So I won’t try and write everything down here, maybe another day, but I did task Claude to do some myth busting for me, so I’ll share that:
analyst@xsv:~$ ./assess.sh –claim “mythos_owned_the_classified_estate”
No, MYTHOS Did Not “Break Into Almost All Classified Systems”
A viral quote, a third-hand chain of telephone, and a community that has clearly never had to write an RMADS. Let’s deflate this with architecture instead of vibes.
If you spend your weekend on the timeline you’ll have seen the card: “BREAKING: NSA confirms MYTHOS broke into almost all of its classified systems in hours.” It’s a great headline. It is also wrong in almost every load-bearing word — “BREAKING,” “NSA confirms,” and the implied scope all fail on contact with how classified networks are actually built and governed.
I have no inside knowledge of the exercise in question, and the real scope is classified, so nobody posting about it does either. But you don’t need the classified detail to assess the claim — you need to understand the architecture it allegedly defeated. So here’s the deflation, from someone who has had to live inside accreditation boundaries rather than screenshot them.
01 // Why the claim is unlikely to be based on reality
It’s third-hand, it was disowned by its own author, and it grew a word in transit.
Trace the provenance and the “BREAKING” energy drains out fast. A general reportedly said something to a senator in a private briefing. The senator (Mark Warner) repeated it to make a pro-regulation point — “thank God it was Anthropic… voluntary testing alone won’t solve this.” A journalist (Shashank Joshi, The Economist) quoted it. Then the internet bolted “NSA confirms” on the front and the word “autonomously” into the middle.
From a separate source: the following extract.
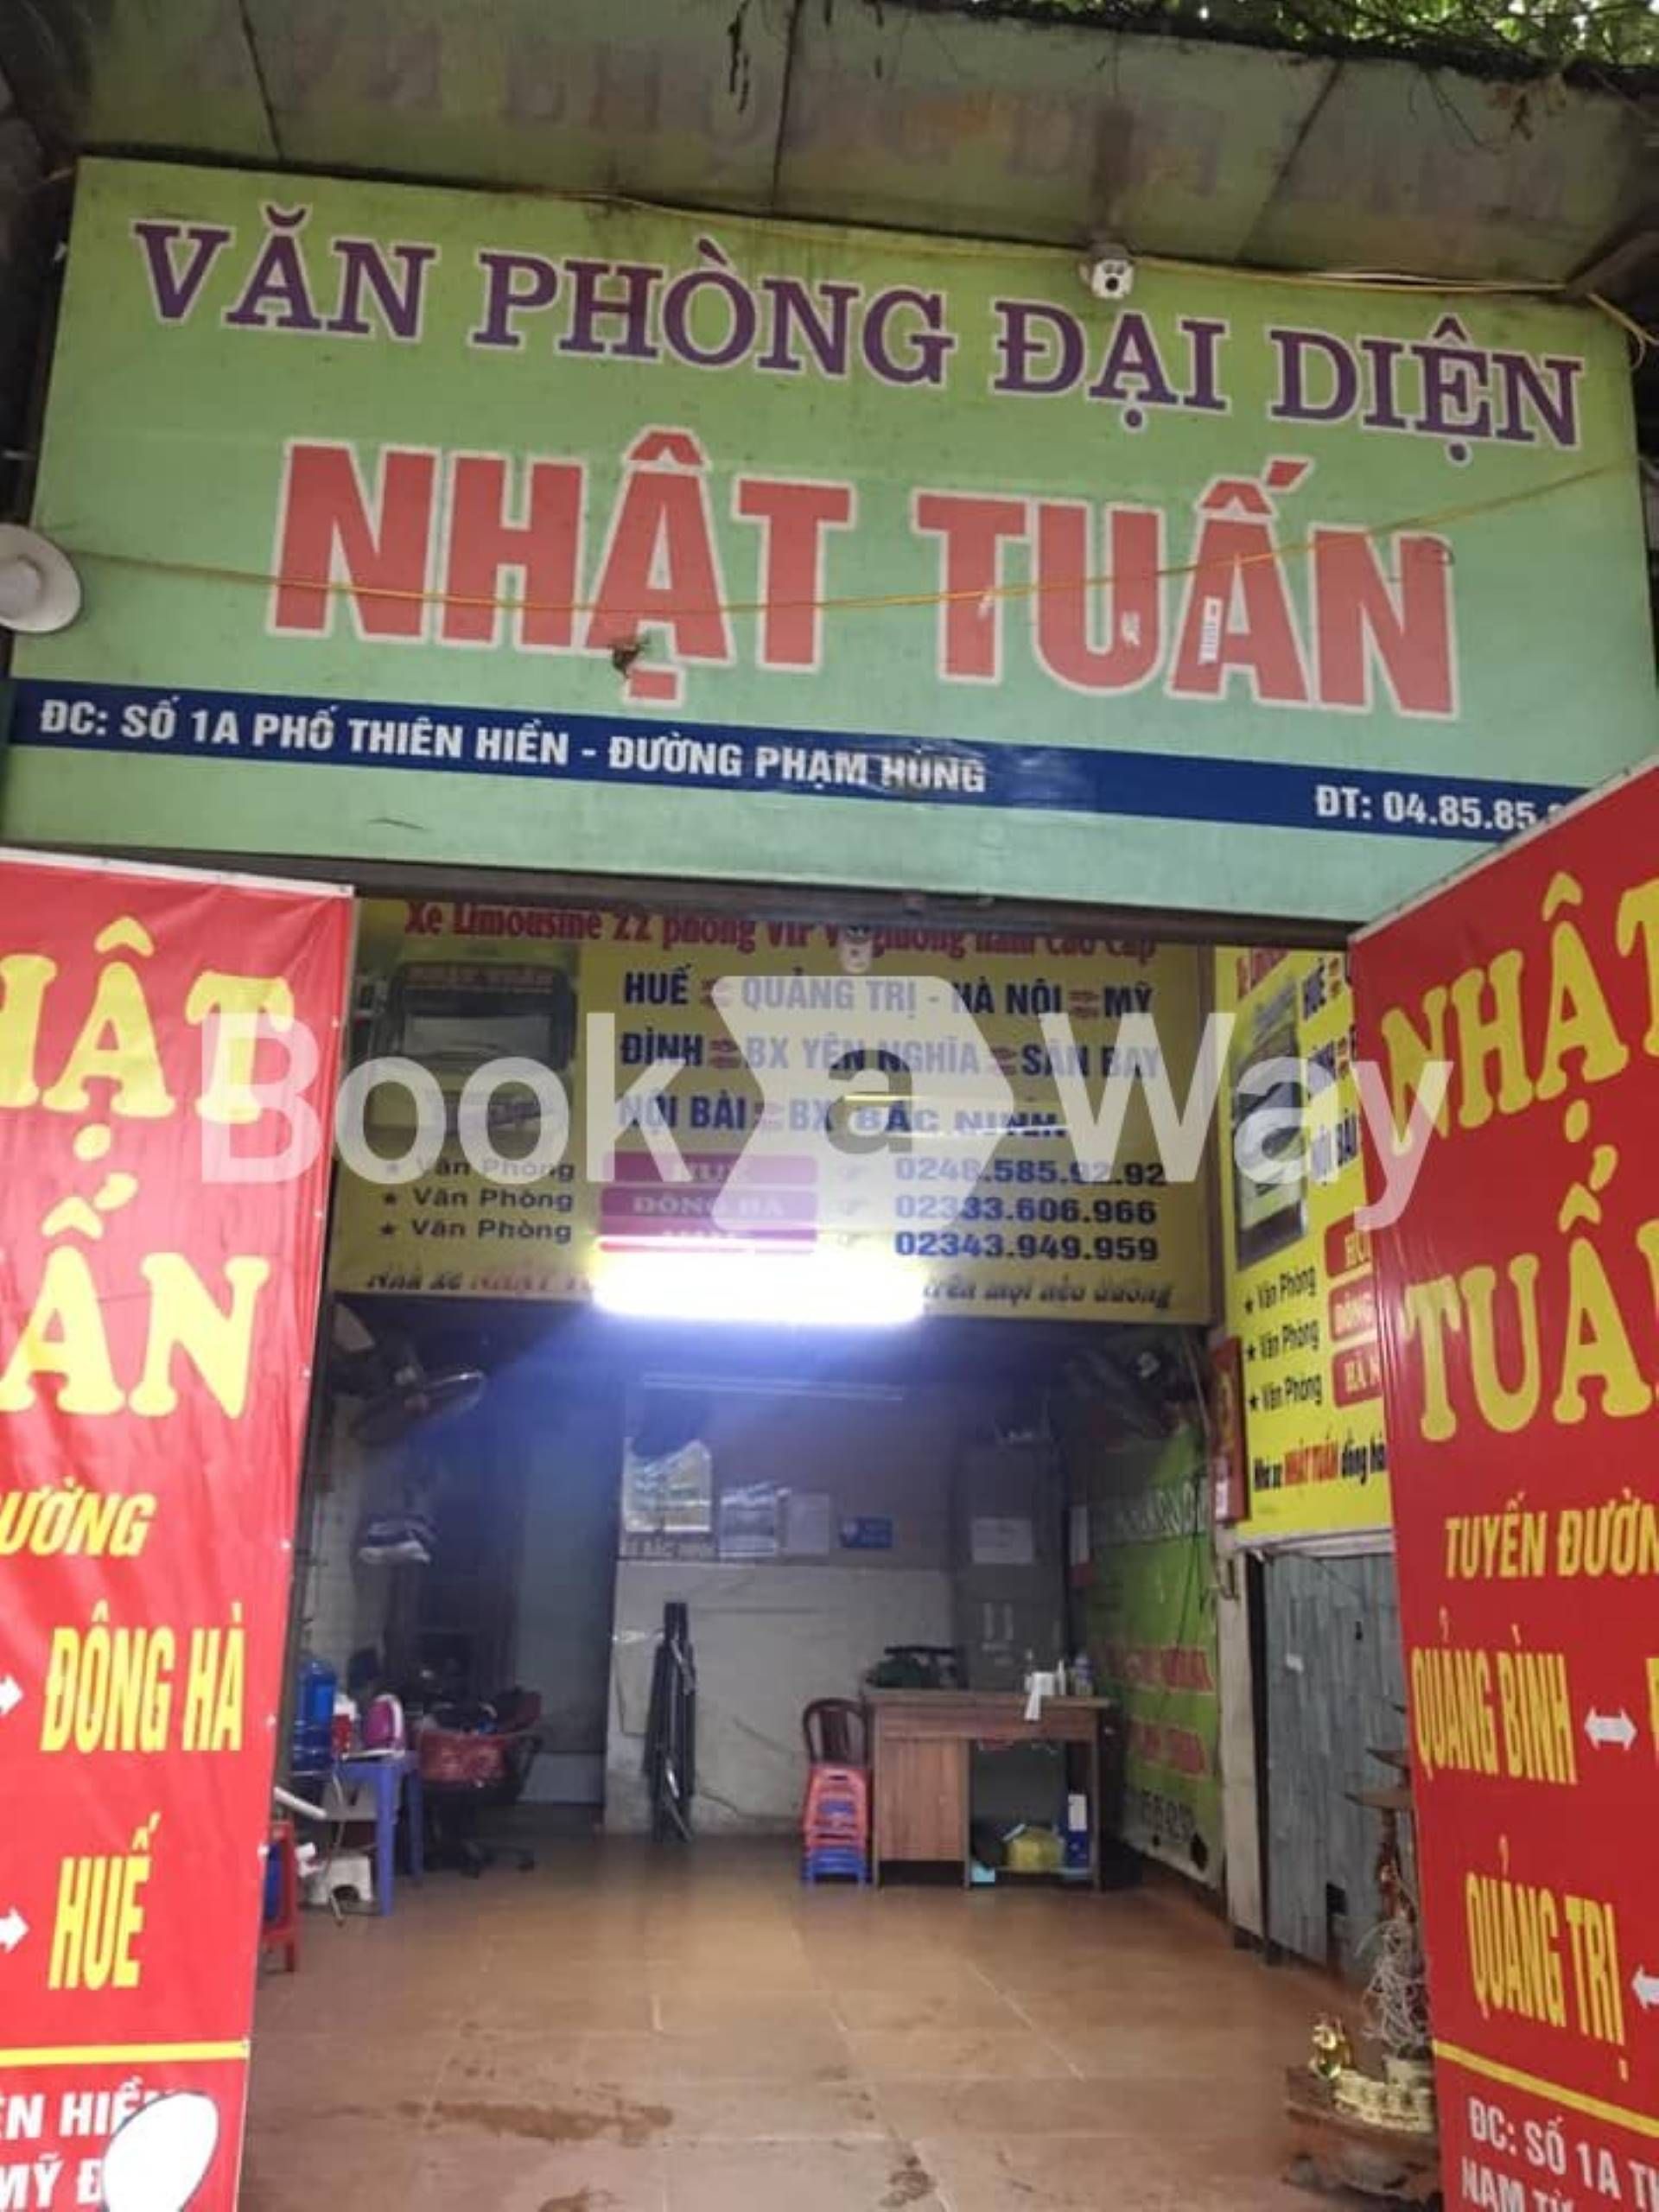 Nhat Tuan Hanoi Thien Hien office

The decisive fact: the author of the line disowned the literal reading. Joshi posted that it would be a mistake to read it literally, that it “surely depends on using Mythos alongside other tools under very particular conditions,” and that not adding caveats was his error. When the person who wrote the sentence tells you not to read it the way the screenshot reads it, the screenshot is dead. Note too that “autonomously” — the scariest word in the secondary coverage — is not in Warner’s quoted remarks. It was added downstream.
02 // Low side, high side, and why “where it ran” decides everything
A model can only touch what it can reach. Classification boundaries are reachability boundaries.
Government networks aren’t one big estate with a naughty-step. They’re stratified by classification. Loosely: the low side is your lower-classification / internet-adjacent estate (think OFFICIAL, or NIPRNet in US terms); the high side is SECRET and above (SIPRNet at SECRET, and a separate TS/SCI fabric again). These are physically and logically separate networks — frequently separate cabling, separate hardware, separate rooms.
You don’t route between them. Where data must move, it crosses a Cross Domain Solution — a guard, or a one-way data diode, with review — and in plenty of places there is simply an air gap and a human carrying accredited media under a documented process. The implication for our viral claim is brutal and simple:
03 // RMADS & ATO: you can’t just let an AI run amok everywhere
Accredited systems operate inside a documented boundary and configuration. An autonomous agent with broad reach is a material change, not a free action.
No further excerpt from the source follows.